4. Get them thinking hard
As Professor Coe’s first question suggests, we should plan to challenge our students as much through thought as through action.  We should plan for what we expect students to be thinking about throughout the lesson as much as what we want them to do.  As Daniel Willingham put it in his book Why Don’t Students Like School? memory is the residue of thought, therefore we need to get them thinking about the topic we are trying to communicate.  
5. Know thy subject
If we are to truly challenge our students then we need to have absolute confidence in our own base of knowledge.  Research demonstrates that a deficit in teacher subject knowledge can be a barrier to students achievement
6. Challenging vocabulary
A central tenet of teaching should be that we use the rich language of the subjects we teach.  We should avoid at all costs the temptation to dumb down our language for fear that using the proper terms will terrify our students.  However, if we are to successfully create a classroom rich in historical language, we need to explicitly teach this words.  
7. Set the benchmark early
Use those first few lessons with a class to set the bar of expectation high and handsome.  Show them what you believe students in your class are capable of and get them to produce something similar.  This is useful in a number of ways.  It is something you can return to throughout the year (perhaps the dark days of early January) to demonstrate what they can do when they really put their minds to it.  It also establishes where the bar is in your classroom nice and early.  We know students tend to meet the expectations we have of them so start as you mean to go on.   
8. Share excellence
Once excellence has been achieved and created, make sure it kept and shared.  It is important students understand the level you expect and that the level is achievable within the context of your classroom or department.  The aim should be to immerse them in this excellence through displays and teaching strategies. 
Reflective Questions 
  • Do you plan for students to regularly get stuck and struggle in your classroom? 
  • Do you have high expectations of all the students you teach?
  • Is your subject knowledge strong enough to stretch your students with confidence?
  • How do you ensure students retain what you teach in their long-term memories and retrieve this regularly?
Posted by Chris Runeckles
Extra reading
John Sweller, Cognitive load theory, learning difficulty, and instructional design, Learning and Instruction Volume 4, Issue 4, 1994
Soderstrom and Bjork, Learning Versus Performance, An Integrative Review, Perspectives on Psychological Science, 2015, Vol 10, P176-199
John Dunlosky, Strengthening the Student Toolbox: Study Strategies to Boost Learning, American Educator 2013
Willingham, Why Don’t Students Like School
Coe et al., What Makes Great Teaching?
Bringing Words to Life, Beck, McKeown and Kucan
Chip Heath and Dan Heath, Made to Stick: Why Some Ideas Take Hold and Others Come Unstuck

Tuesday, 17 April 2018

April 2018 INSET - Cognitive Load Theory




We’ve all been there. Carefully thought through a brilliant activity designed to push pupils, only to observe the resulting car crash in despair. Either pupils lack the resilience to engage with independent thought without constant teacher intervention or what little they actually end up learning requires you to spend the next lesson (time you don’t have!) re-teaching the material. In this session I’ll run through some of the most widely accepted theories of “cognitive overload” and how, if certain practices are incorporated into your teaching repertoire and SOWs at KS3 a really challenging curriculum can help pupils learn, increase pupil motivation, and also be a real joy to teach. There will also be some time to discuss ideas with colleagues and think through what it might all mean in your own subject.
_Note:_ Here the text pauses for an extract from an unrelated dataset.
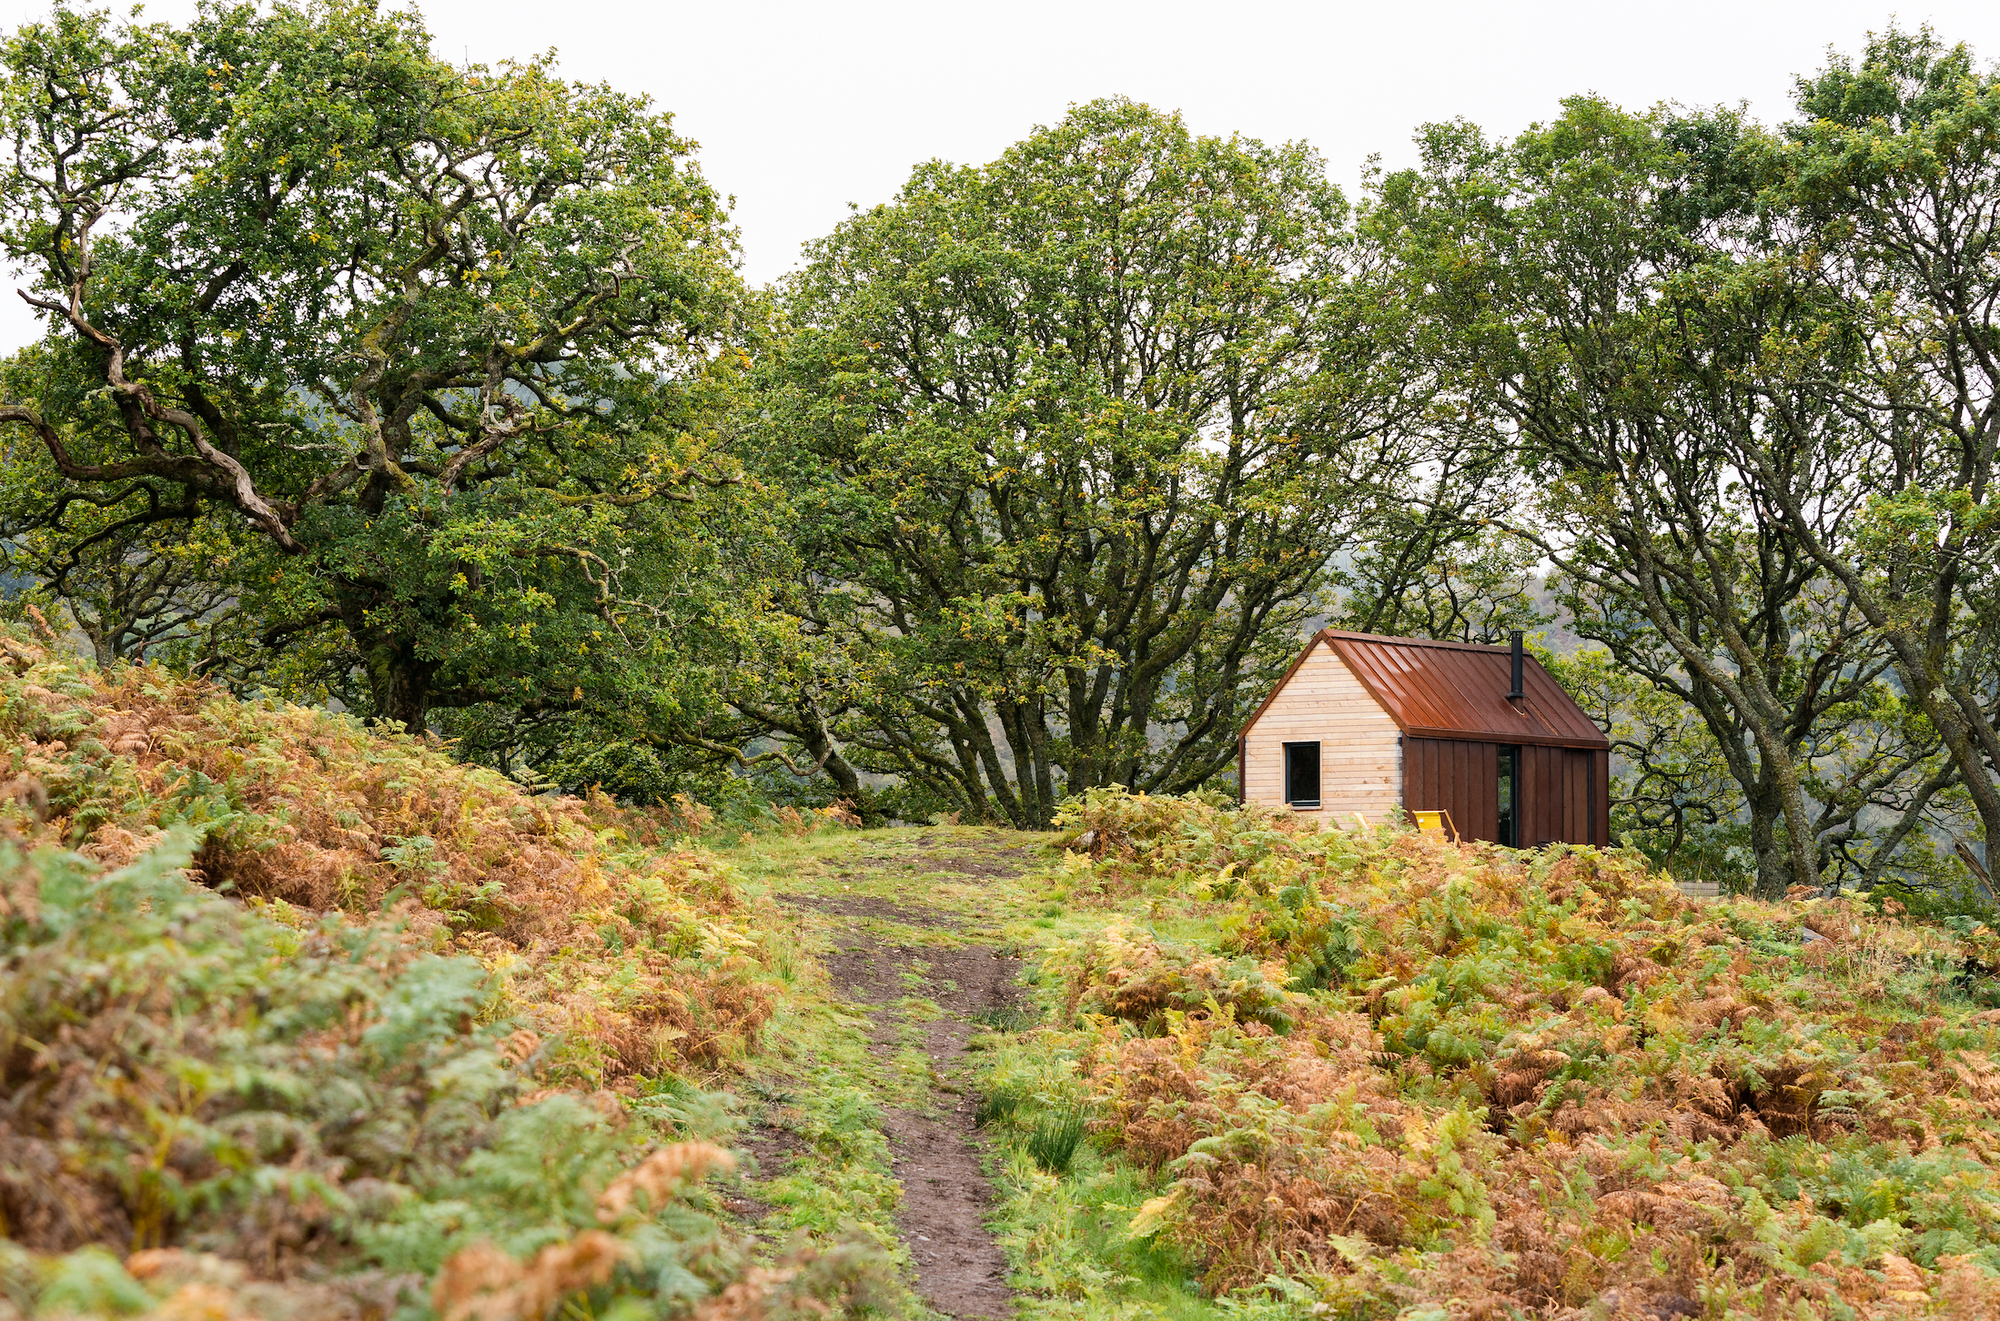 Products - The Home Bothy

Access the session resources here:
https://drive.google.com/open?id=11AmimsedSvuVnqXOZt-W-qYCE267-8Cj

Monday, 26 February 2018

Teaching and Learning Books

A number of books have recently been purchased by the school library which are quite influential in Teaching and Learning at the moment.

Do take a look at these:


Mark. Plan. Teach.
With teachers' workload at record levels and teacher recruitment and retention the number one issue in education, ideas that really work and will help teachers not only survive but thrive in the classroom are in demand. Every idea in Mark. Plan. Teach. can be implemented by all primary and secondary teachers at any stage of their career and will genuinely improve practice. The ideas have been tried and tested and are supported by evidence that explains why they work, including current educational research and psychological insights from Dr Tim O'Brien, leading psychologist and Visiting Fellow at UCL Institute of Education.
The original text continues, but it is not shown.